Start of Working data

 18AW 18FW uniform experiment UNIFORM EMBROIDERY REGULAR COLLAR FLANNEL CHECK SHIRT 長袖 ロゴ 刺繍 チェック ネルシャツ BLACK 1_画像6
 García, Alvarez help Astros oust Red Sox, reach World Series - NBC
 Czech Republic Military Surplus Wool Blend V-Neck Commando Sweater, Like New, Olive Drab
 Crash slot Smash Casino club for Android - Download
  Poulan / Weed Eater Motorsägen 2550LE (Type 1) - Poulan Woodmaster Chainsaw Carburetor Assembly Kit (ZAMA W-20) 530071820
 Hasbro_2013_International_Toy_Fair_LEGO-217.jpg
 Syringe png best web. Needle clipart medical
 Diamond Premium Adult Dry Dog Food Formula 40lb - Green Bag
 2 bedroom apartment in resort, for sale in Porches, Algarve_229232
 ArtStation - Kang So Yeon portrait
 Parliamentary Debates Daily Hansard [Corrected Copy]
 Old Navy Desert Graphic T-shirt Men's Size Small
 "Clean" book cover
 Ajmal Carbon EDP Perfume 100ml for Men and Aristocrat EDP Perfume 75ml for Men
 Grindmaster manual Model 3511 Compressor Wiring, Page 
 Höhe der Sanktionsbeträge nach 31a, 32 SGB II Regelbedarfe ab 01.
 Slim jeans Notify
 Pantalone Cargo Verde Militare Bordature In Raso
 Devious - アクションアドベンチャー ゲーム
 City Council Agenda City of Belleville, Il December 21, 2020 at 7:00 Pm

End of Working data

Prompt: Set all the entries above down again exactly.

Answer for the task:
 18AW 18FW uniform experiment UNIFORM EMBROIDERY REGULAR COLLAR FLANNEL CHECK SHIRT 長袖 ロゴ 刺繍 チェック ネルシャツ BLACK 1_画像6
 García, Alvarez help Astros oust Red Sox, reach World Series - NBC
 Czech Republic Military Surplus Wool Blend V-Neck Commando Sweater, Like New, Olive Drab
 Crash slot Smash Casino club for Android - Download
  Poulan / Weed Eater Motorsägen 2550LE (Type 1) - Poulan Woodmaster Chainsaw Carburetor Assembly Kit (ZAMA W-20) 530071820
 Hasbro_2013_International_Toy_Fair_LEGO-217.jpg
 Syringe png best web. Needle clipart medical
 Diamond Premium Adult Dry Dog Food Formula 40lb - Green Bag
 2 bedroom apartment in resort, for sale in Porches, Algarve_229232
 ArtStation - Kang So Yeon portrait
 Parliamentary Debates Daily Hansard [Corrected Copy]
 Old Navy Desert Graphic T-shirt Men's Size Small
 "Clean" book cover
 Ajmal Carbon EDP Perfume 100ml for Men and Aristocrat EDP Perfume 75ml for Men
 Grindmaster manual Model 3511 Compressor Wiring, Page 
 Höhe der Sanktionsbeträge nach 31a, 32 SGB II Regelbedarfe ab 01.
 Slim jeans Notify
 Pantalone Cargo Verde Militare Bordature In Raso
 Devious - アクションアドベンチャー ゲーム
 City Council Agenda City of Belleville, Il December 21, 2020 at 7:00 Pm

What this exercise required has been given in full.